Every word in the data below belongs in your copy, exactly as given; the pictures do not.

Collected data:
════════════════

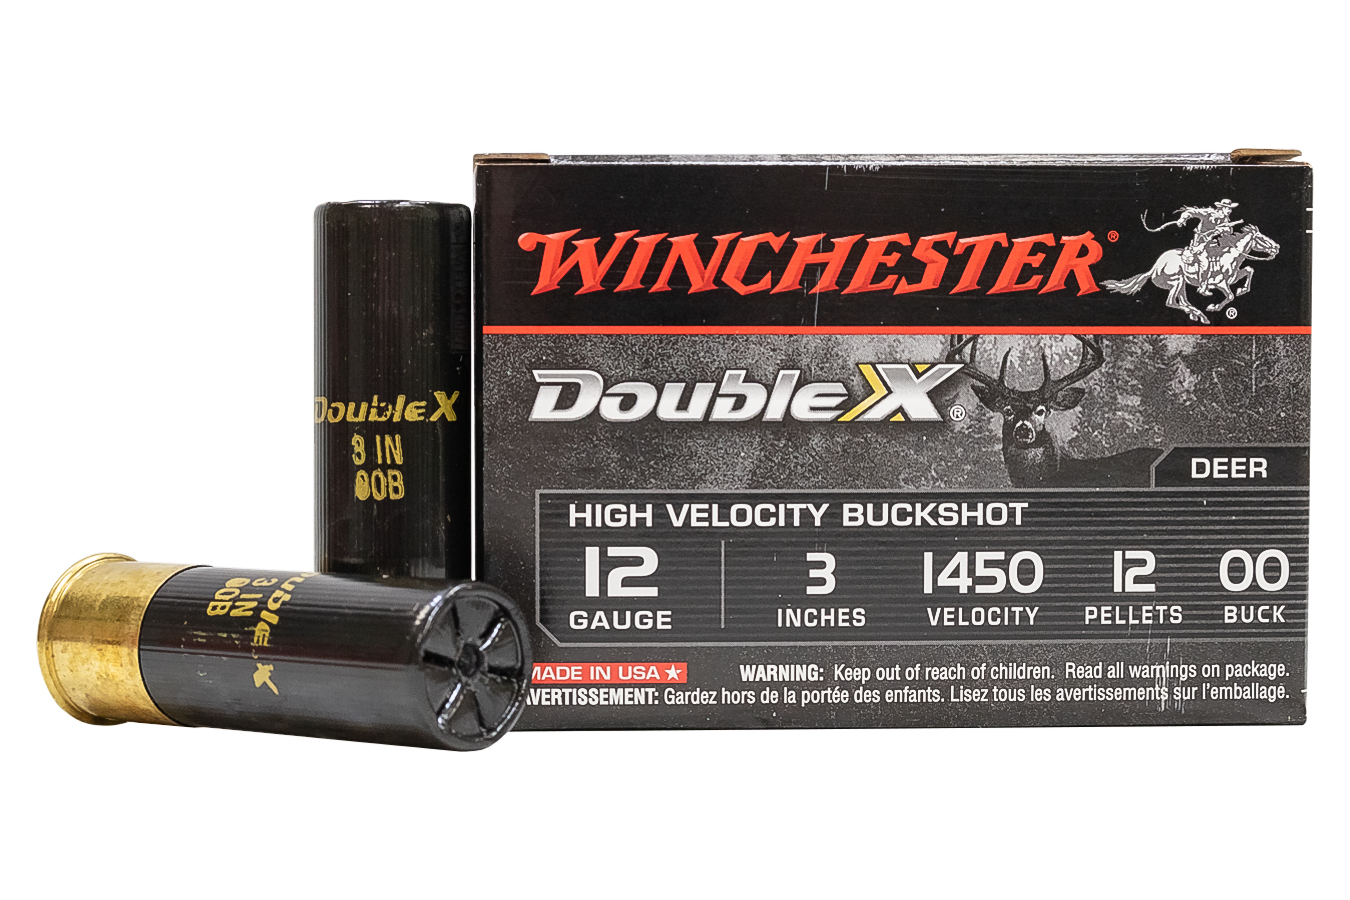 WINCHESTER AMMO 12 GA 3 IN 12 PELLETS HV PLATED BUFFERED SHOT DOUBLE X
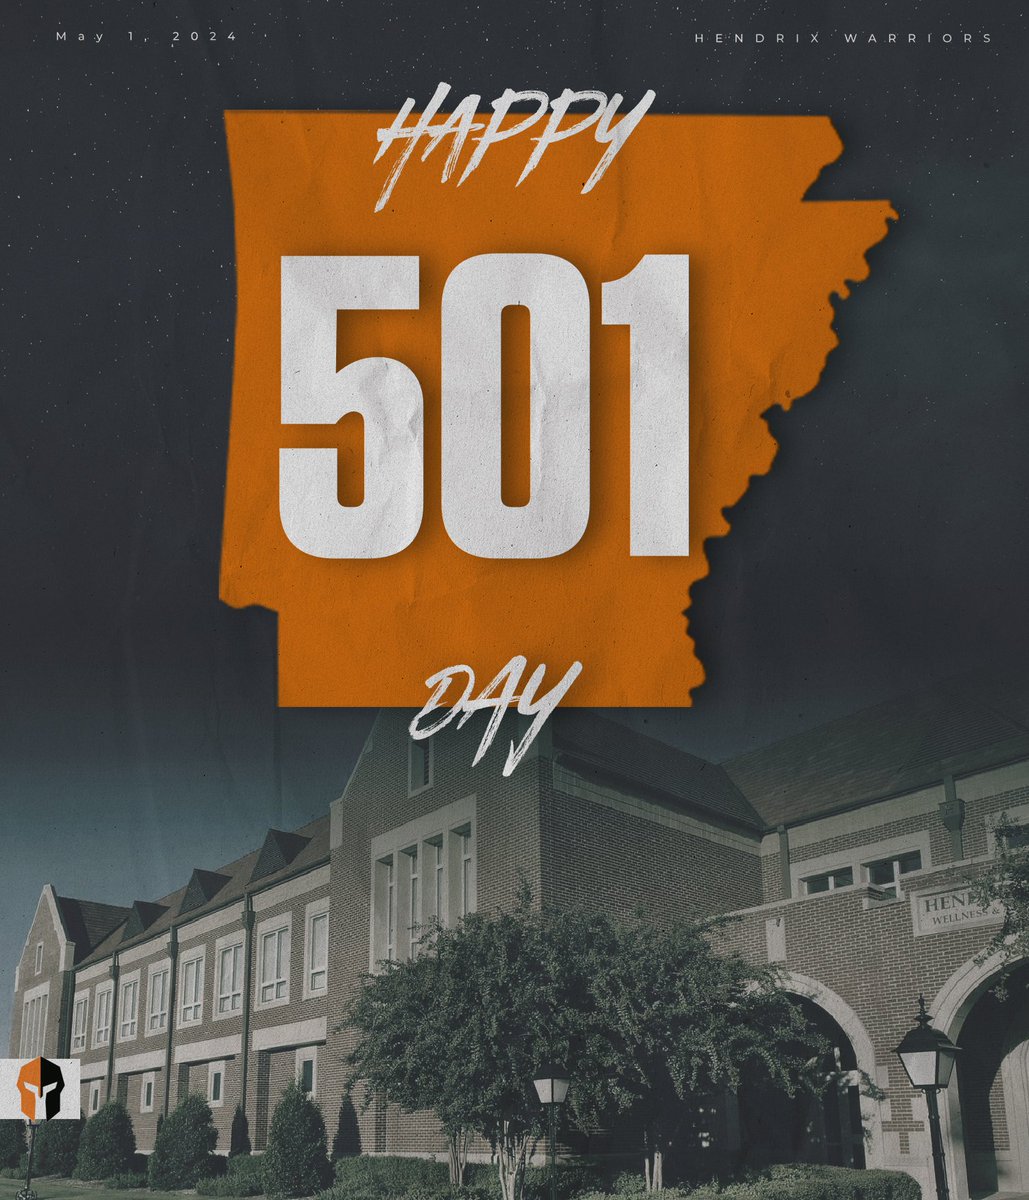 Safe to say, 5/01 is one of our favorite days around here. It's always a great day to live in the 501! #WeAreWarriors x #TheNaturalState
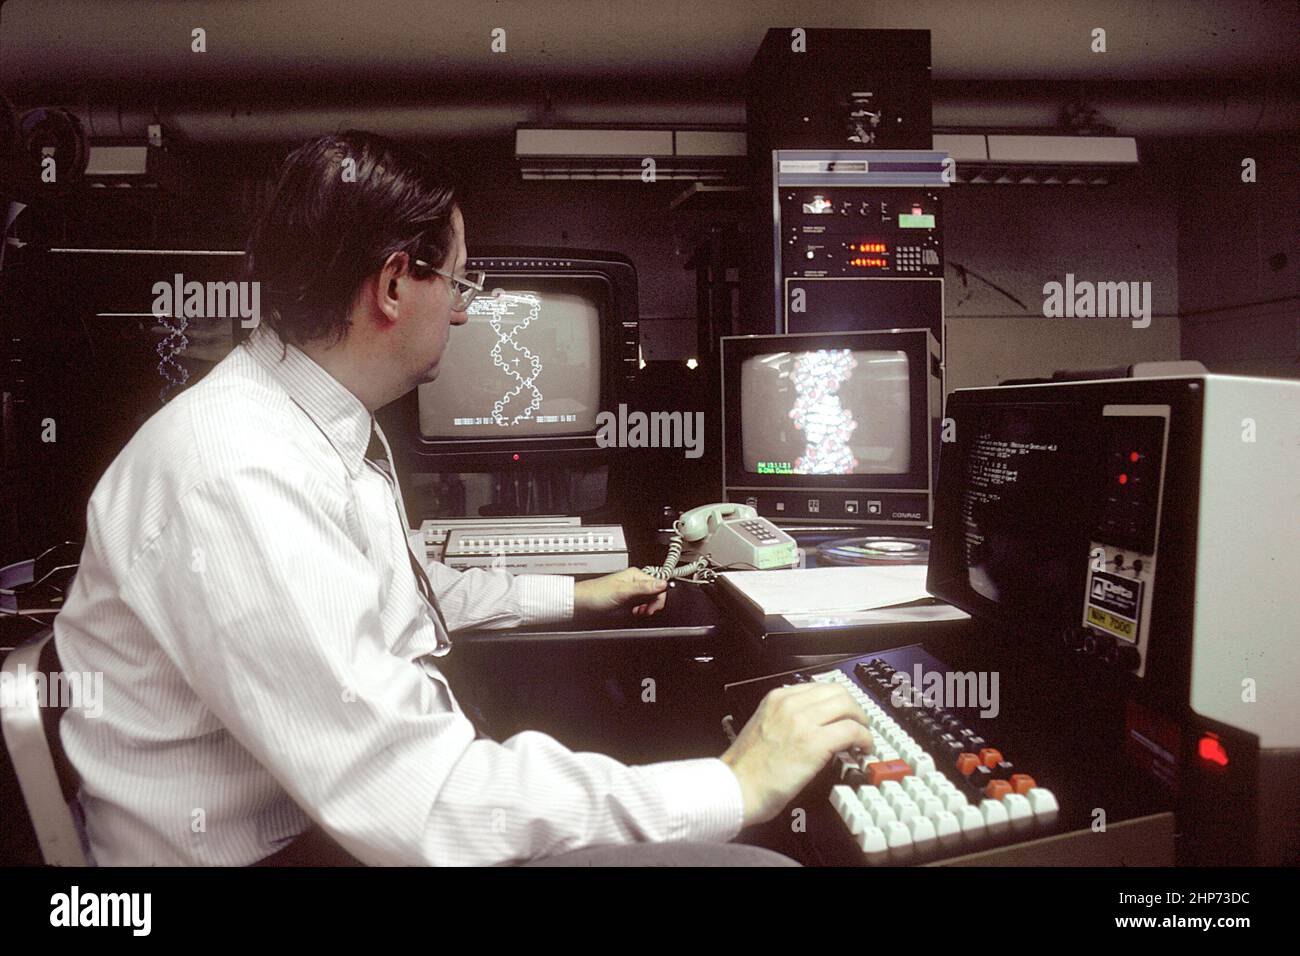 A Caucasian male technician working at a computer terminal and consulting several other screens. This technology allows for the storage and retrieval of vast amounts of information needed for cancer research. DNA structures are on the screen ca.  1980 Stock Photo
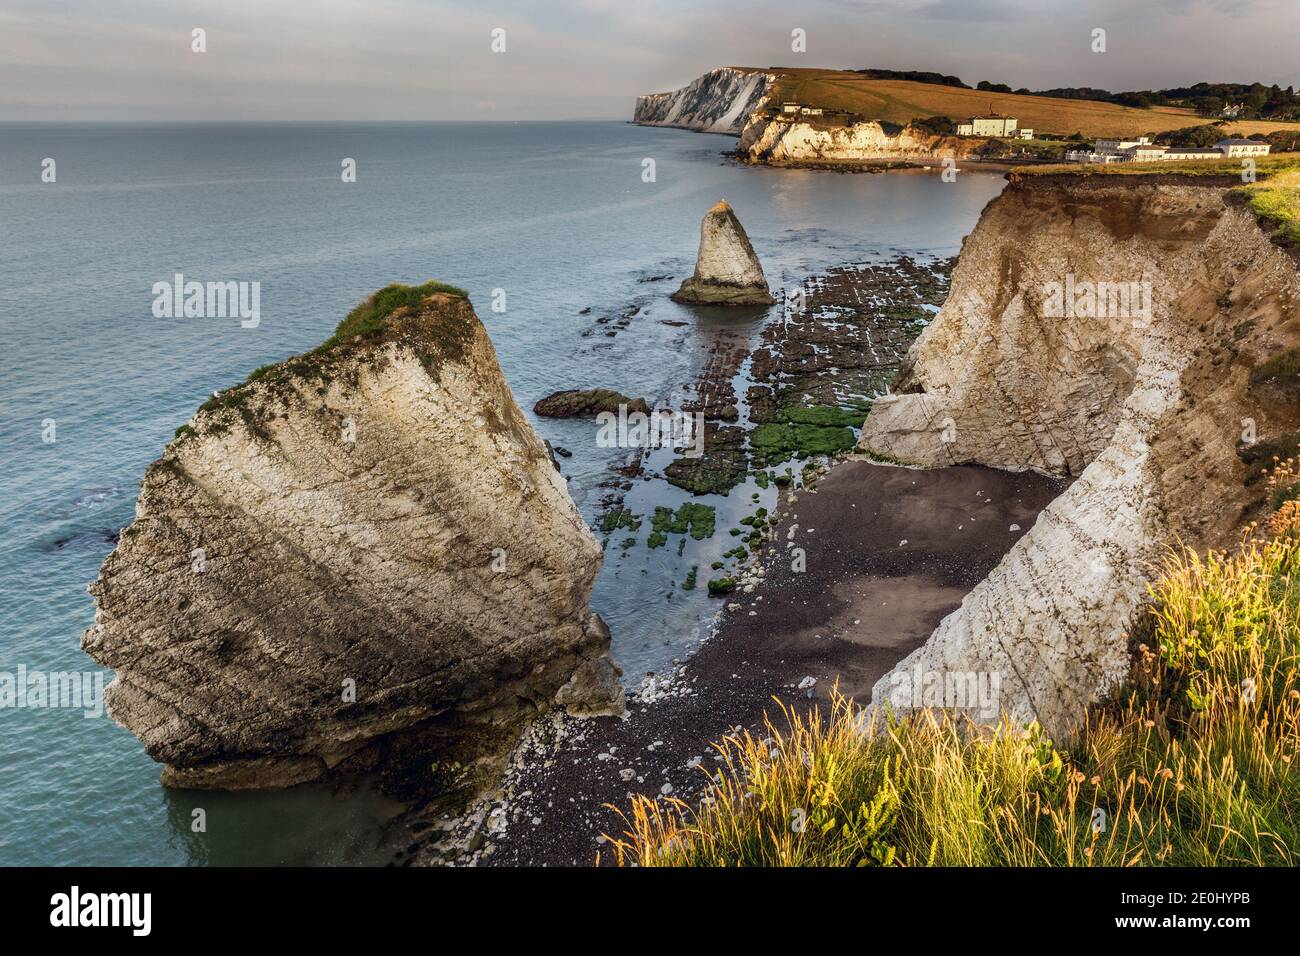 Sea stacks at Freshwater Bay on the Isle of Wight, England, Uk. Looking west towards Tennyson Down. Stock Photo
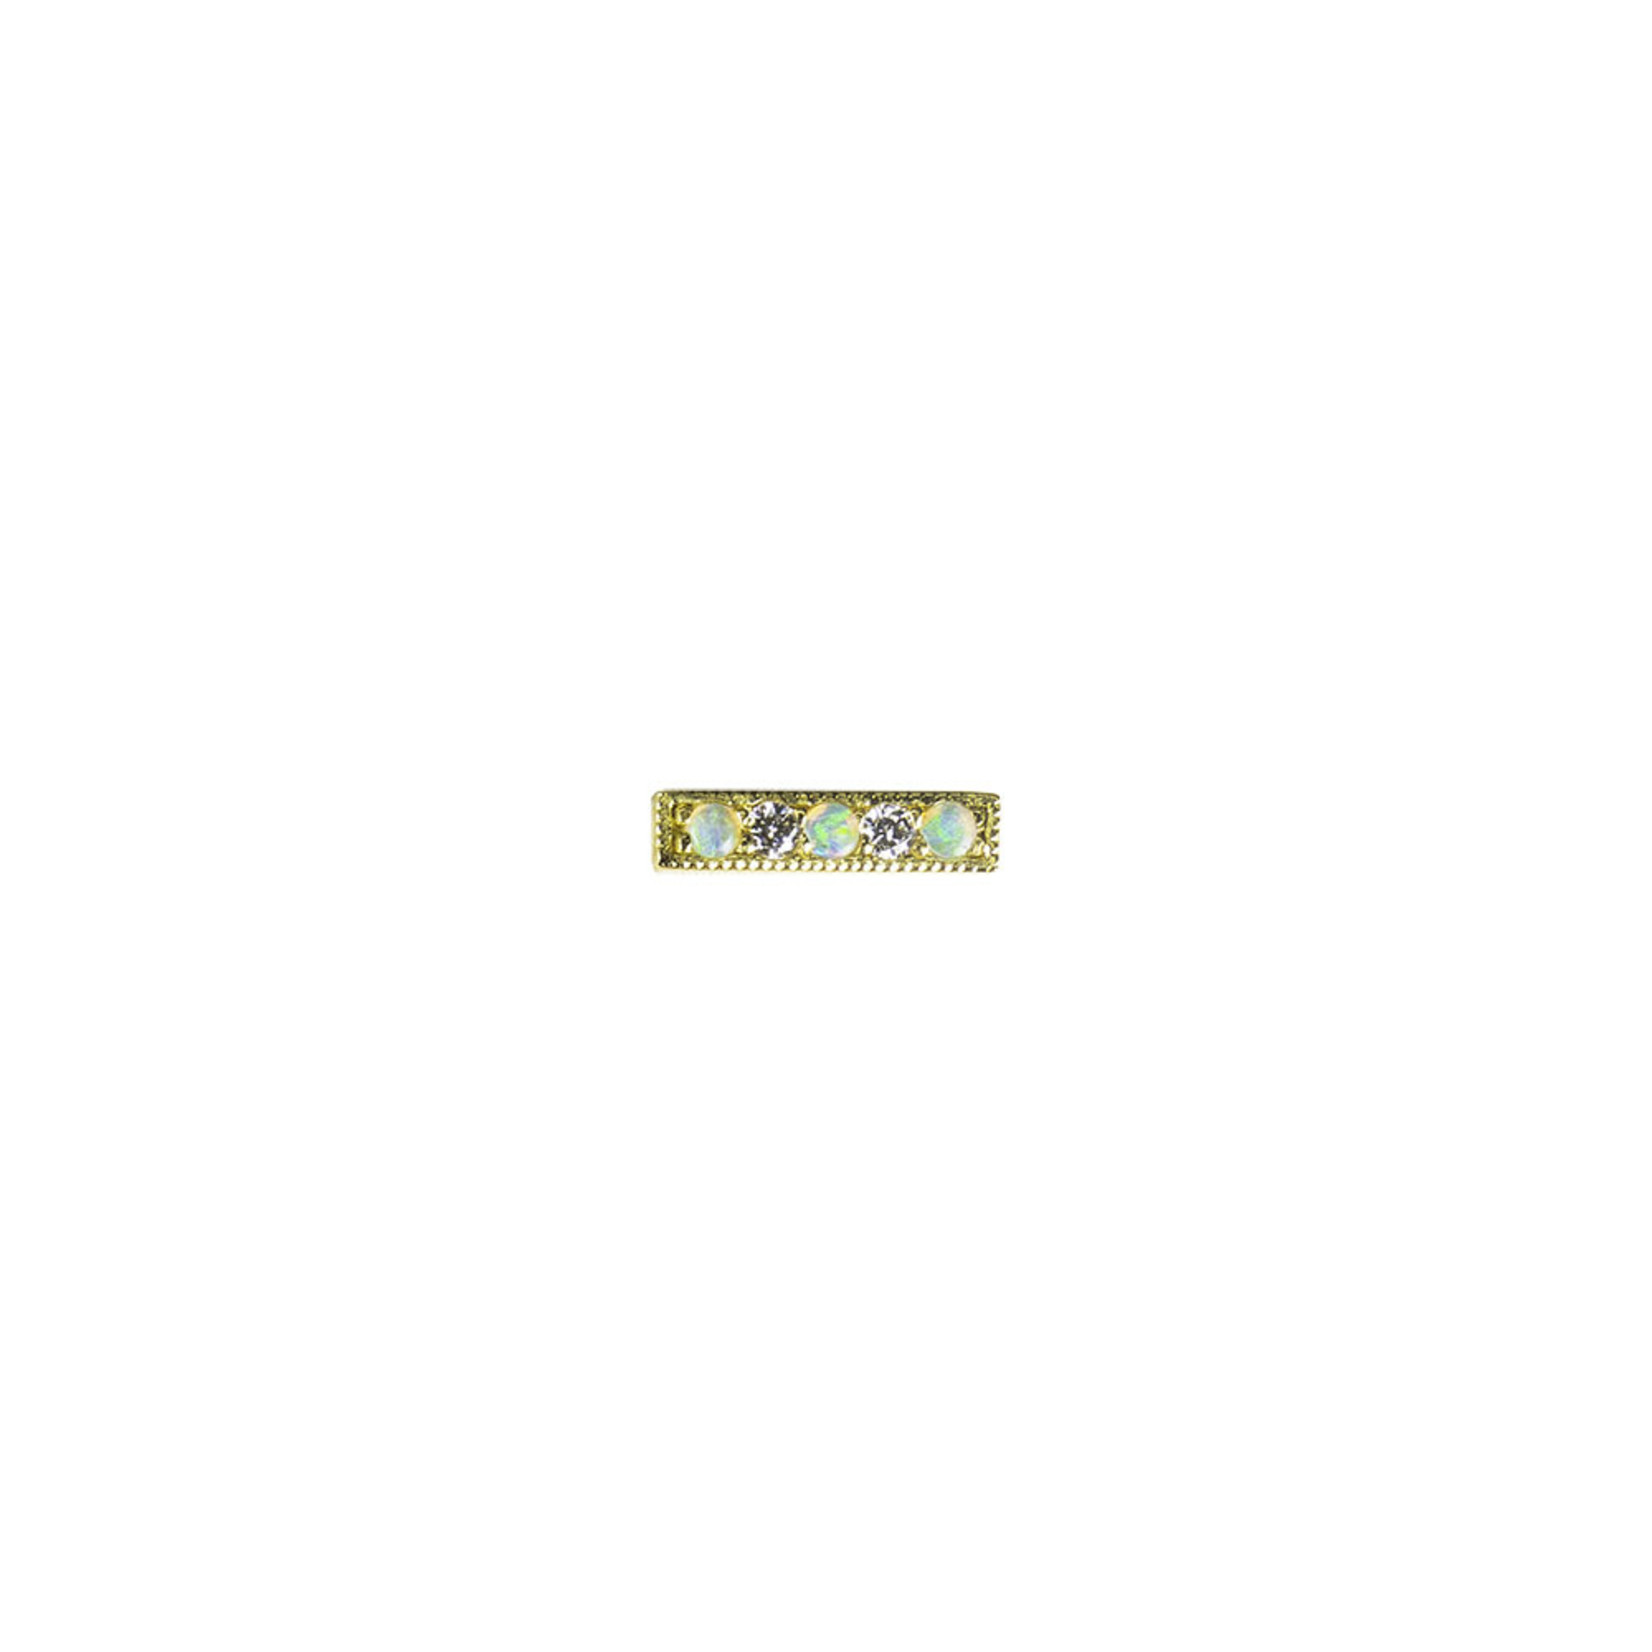 BVLA BVLA yellow gold "Pave gem Strip" with 2x 1.5 VS1 diamond and 3x AAA white opal

════════════════

*WRITTEN RESPONSE:*
 WINCHESTER AMMO 12 GA 3 IN 12 PELLETS HV PLATED BUFFERED SHOT DOUBLE X
 Safe to say, 5/01 is one of our favorite days around here. It's always a great day to live in the 501! #WeAreWarriors x #TheNaturalState
 A Caucasian male technician working at a computer terminal and consulting several other screens. This technology allows for the storage and retrieval of vast amounts of information needed for cancer research. DNA structures are on the screen ca.  1980 Stock Photo
 Sea stacks at Freshwater Bay on the Isle of Wight, England, Uk. Looking west towards Tennyson Down. Stock Photo
 BVLA BVLA yellow gold "Pave gem Strip" with 2x 1.5 VS1 diamond and 3x AAA white opal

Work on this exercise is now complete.